**Given material**:
- Opening Delimiter -
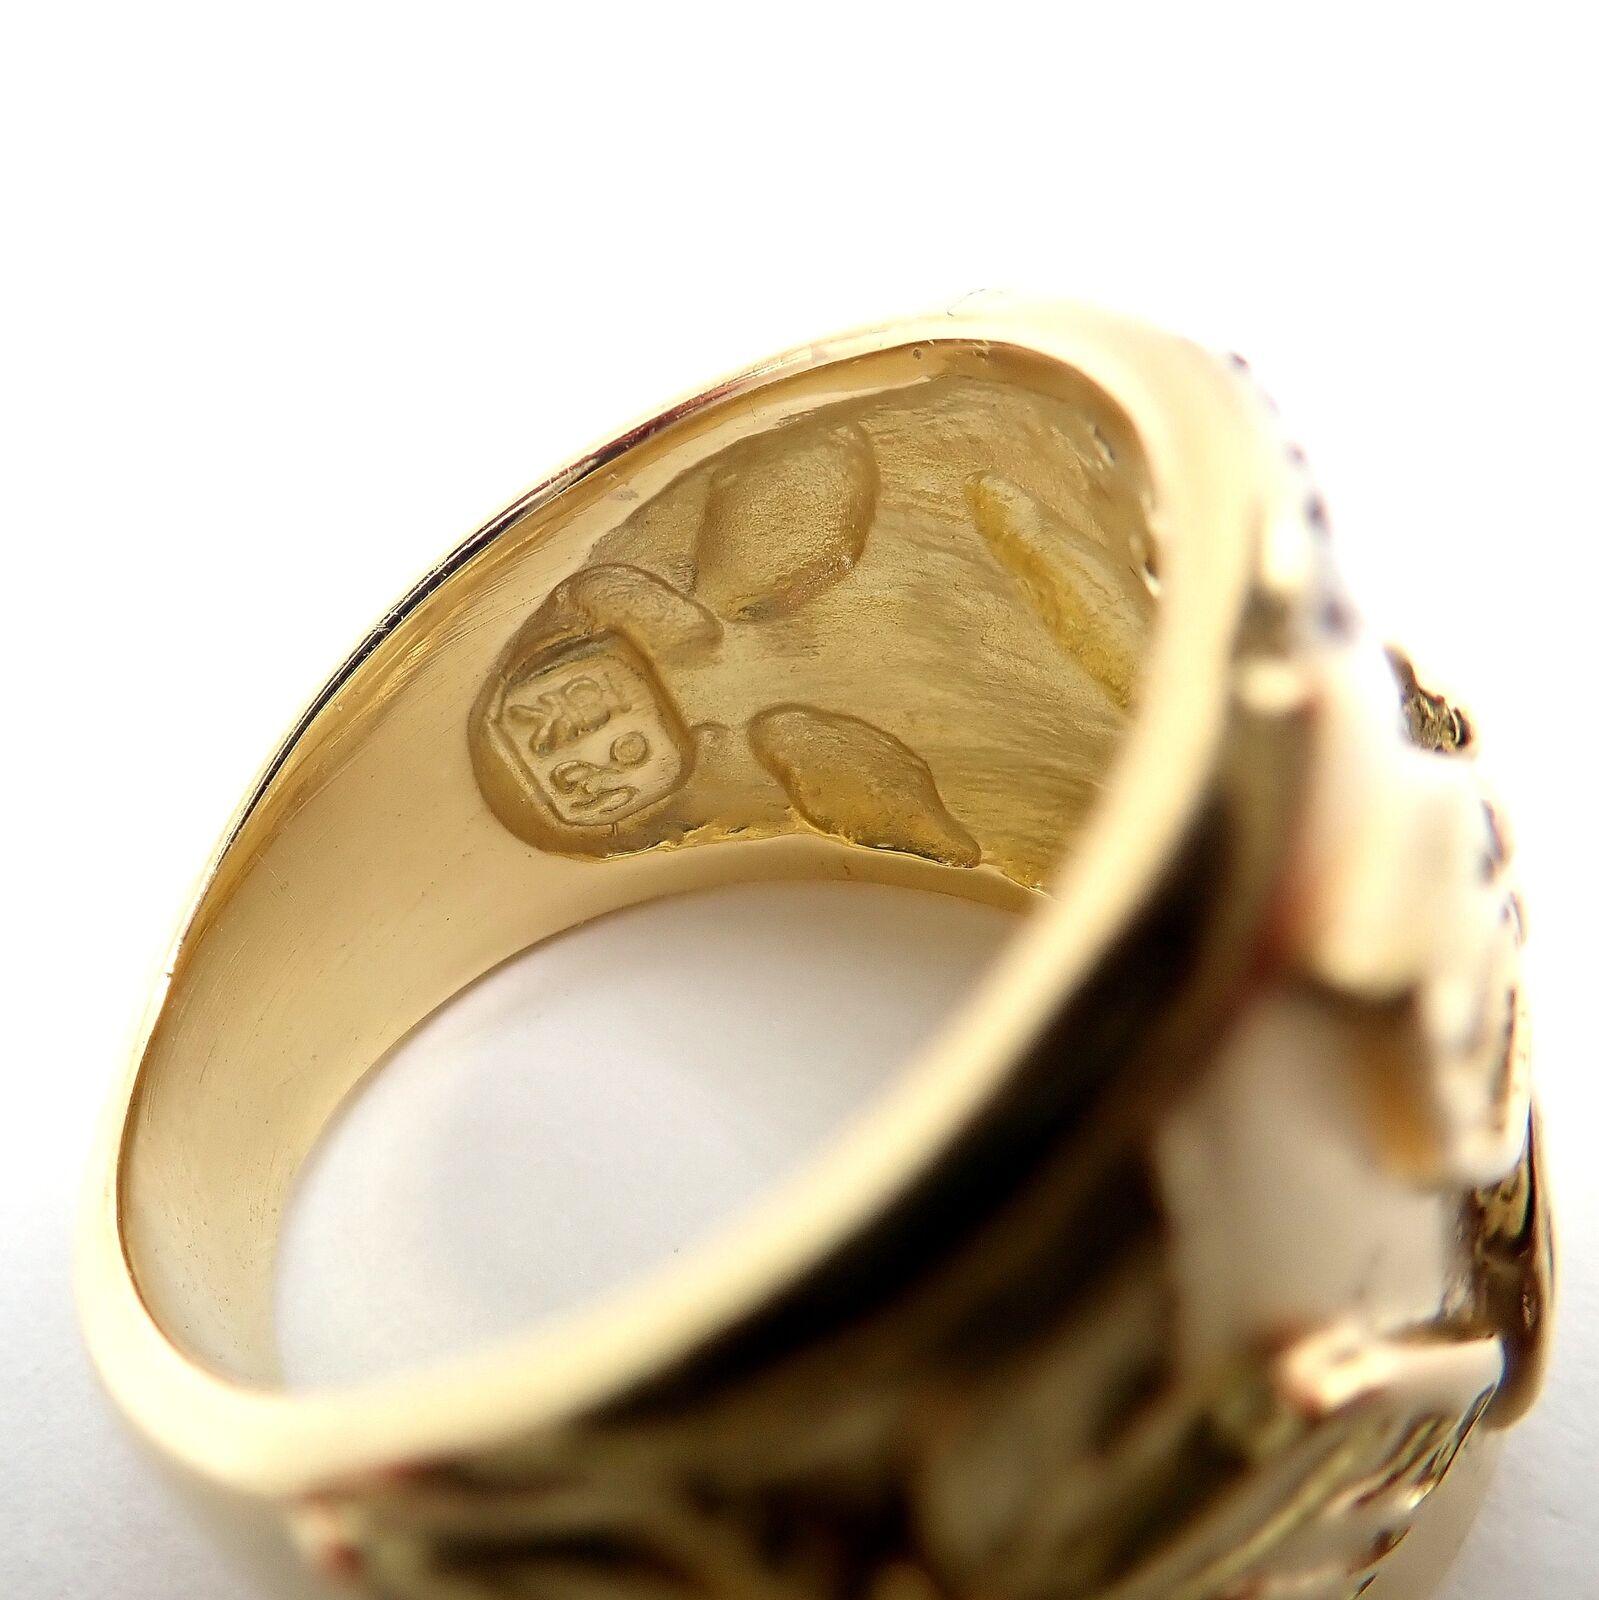 SeidenGang Jewelry & Watches:Fine Jewelry:Rings Rare! Vintage SeidenGang 18k Yellow Gold Diamond Butterfly Ring Sz 6
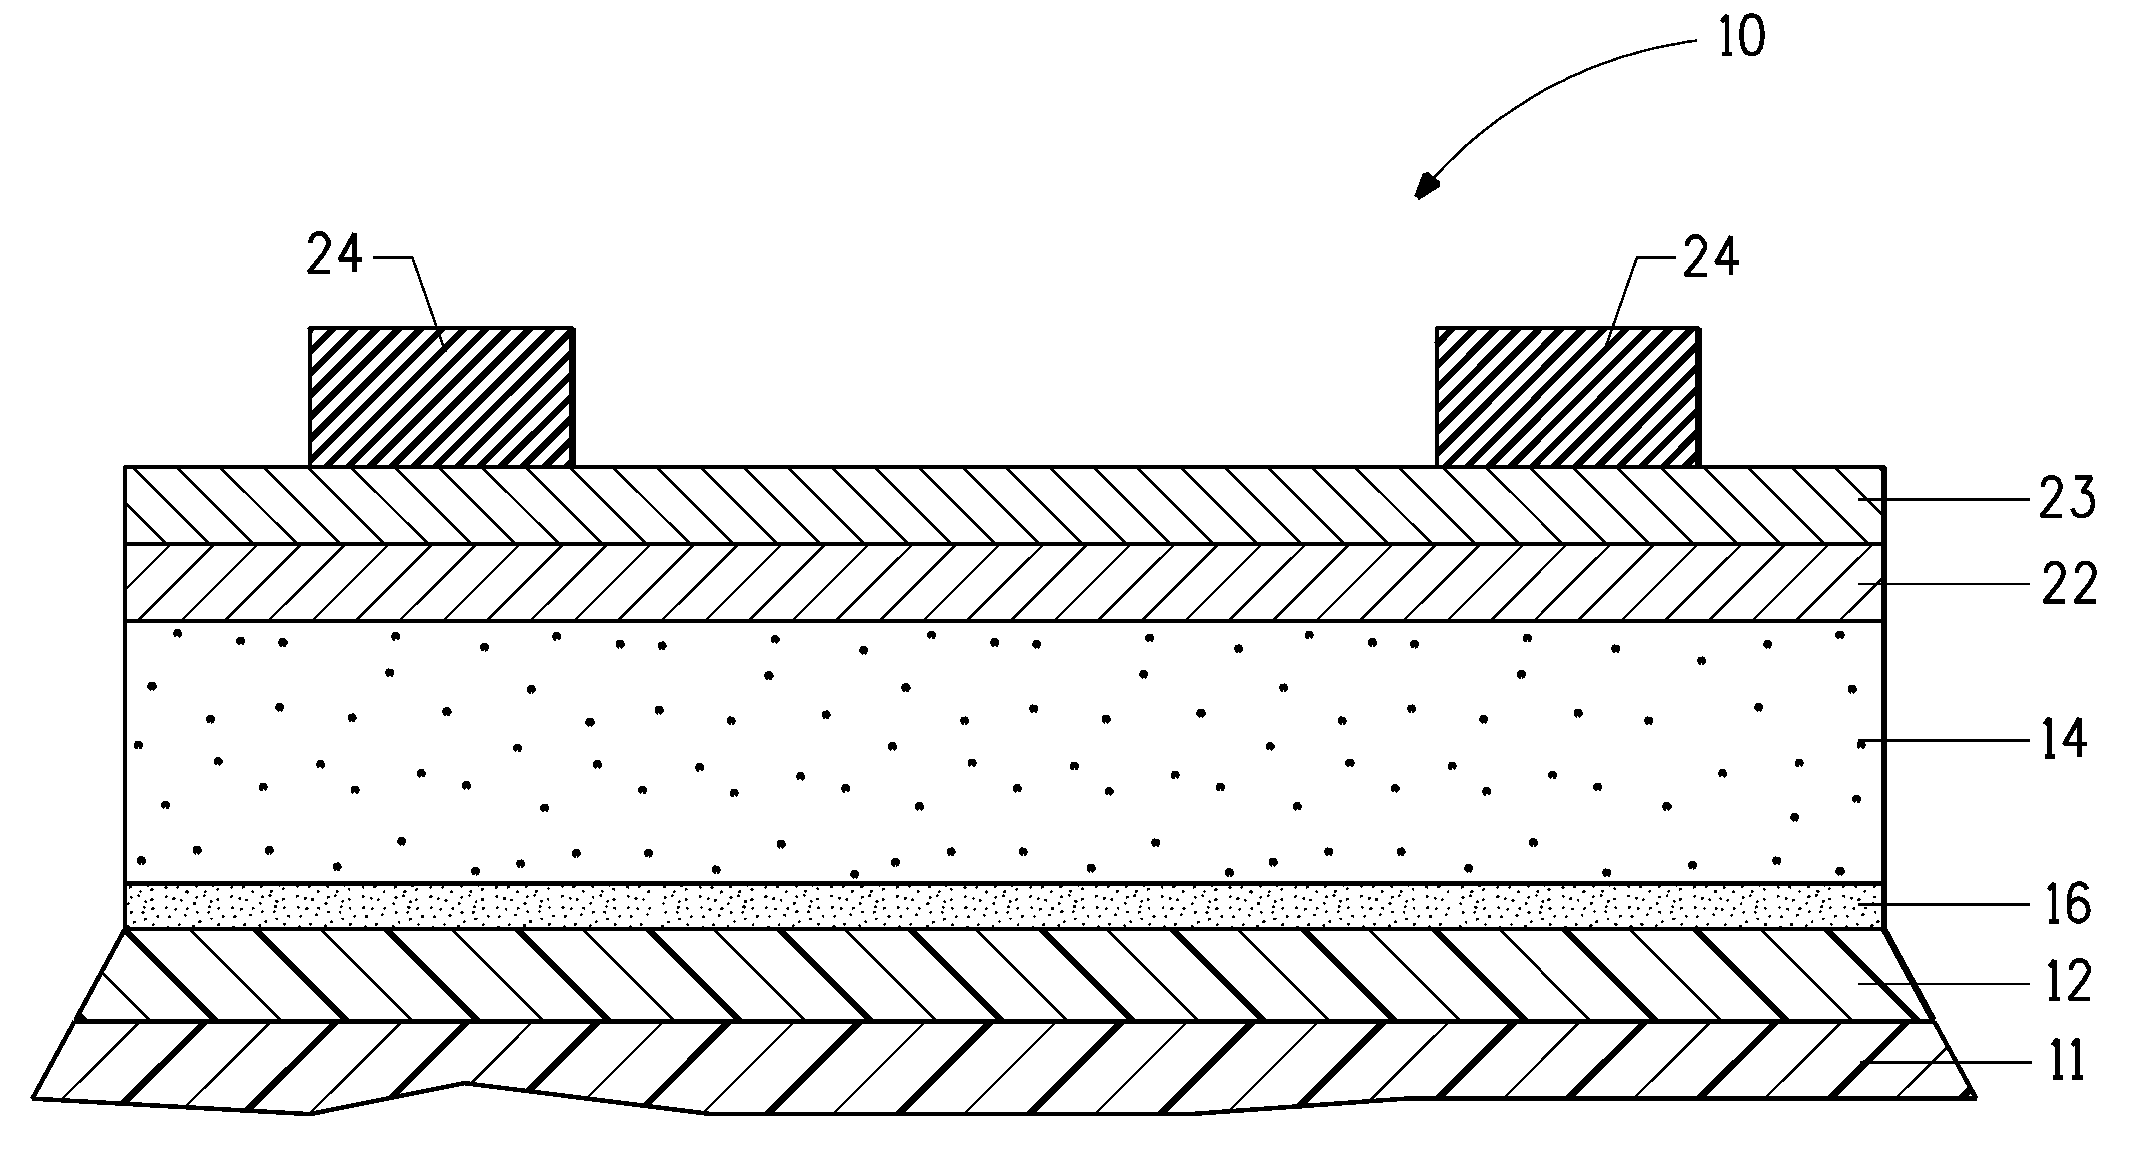 Laminate structures for high temperature photovoltaic applications, and methods relating thereto
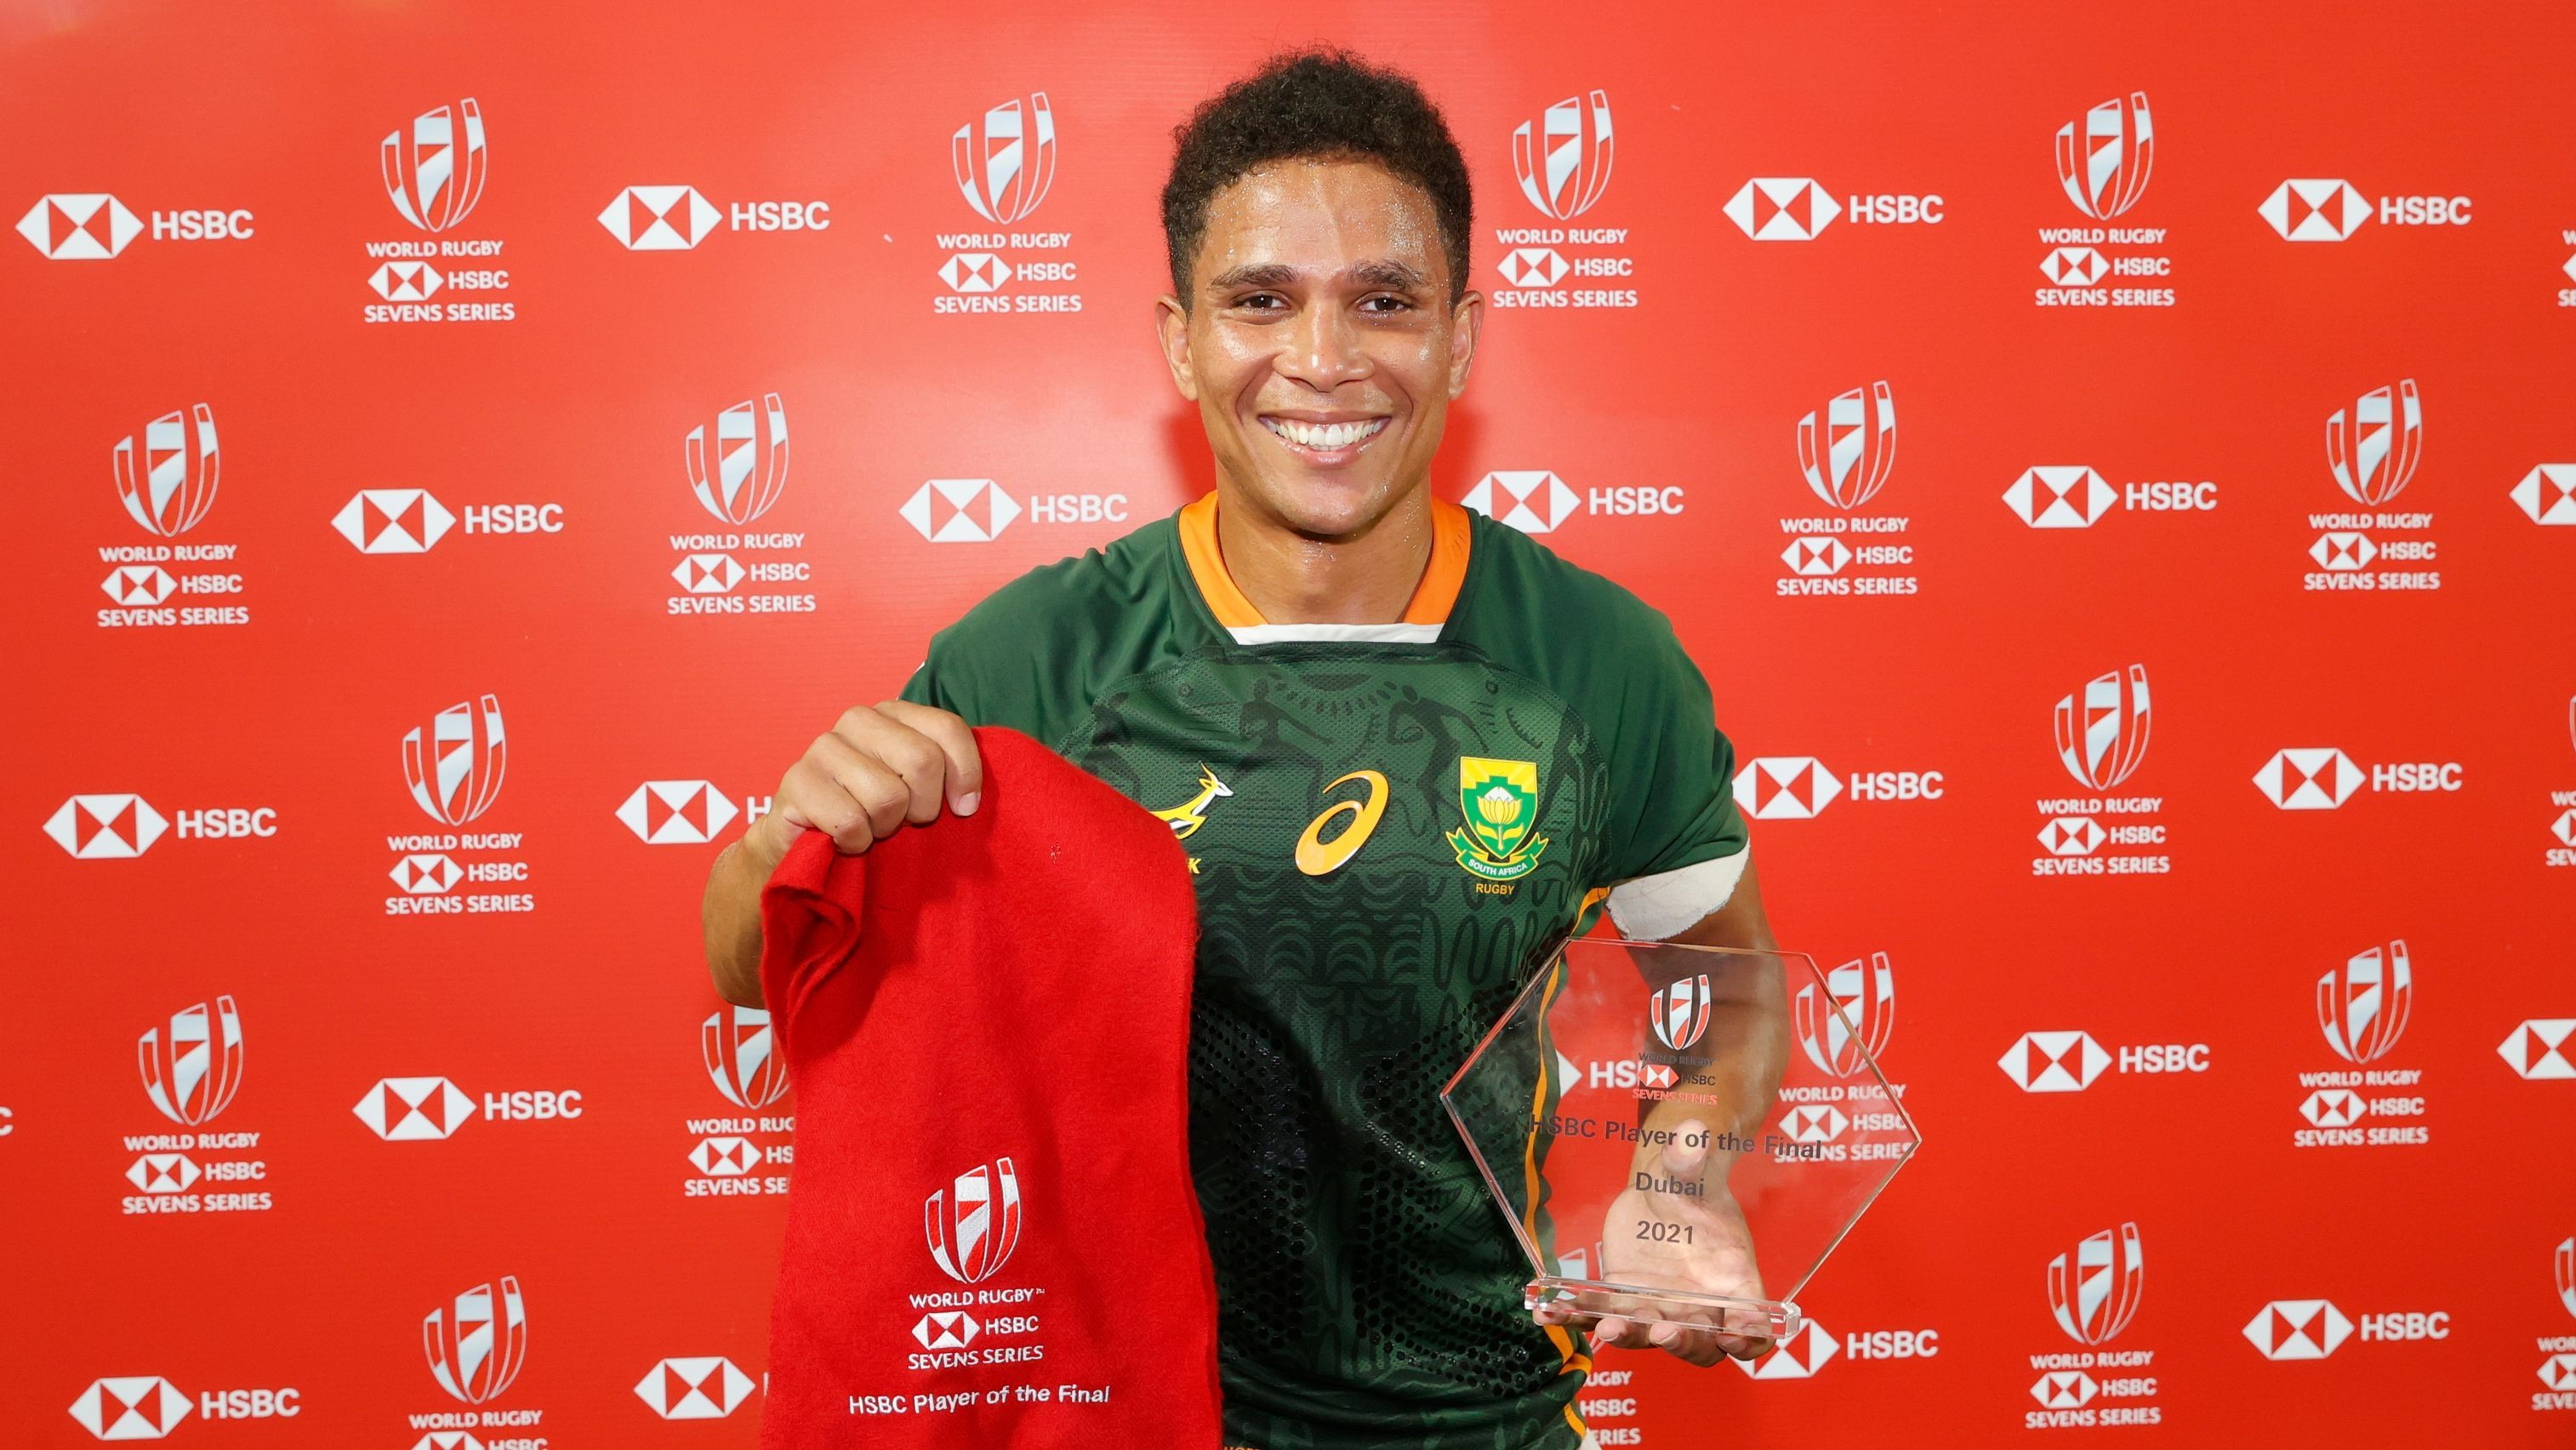 South Africa's Ronald Brown is HSBC player of the Final on day two of the Dubai Emirates Airline Rugby Sevens 2021 men's competition on 27 November, 2021. Photo credit: Mike Lee - KLC fotos for World Rugby/BackpagePix
- Closing Delimiter -
**What you need to do**: The lines running from the one with "Laminate structures for" to the close of the material above are to be retyped exactly; no picture is to be included.

**Task response**:
 Laminate structures for high temperature photovoltaic applications, and methods relating thereto
 South Africa's Ronald Brown is HSBC player of the Final on day two of the Dubai Emirates Airline Rugby Sevens 2021 men's competition on 27 November, 2021. Photo credit: Mike Lee - KLC fotos for World Rugby/BackpagePix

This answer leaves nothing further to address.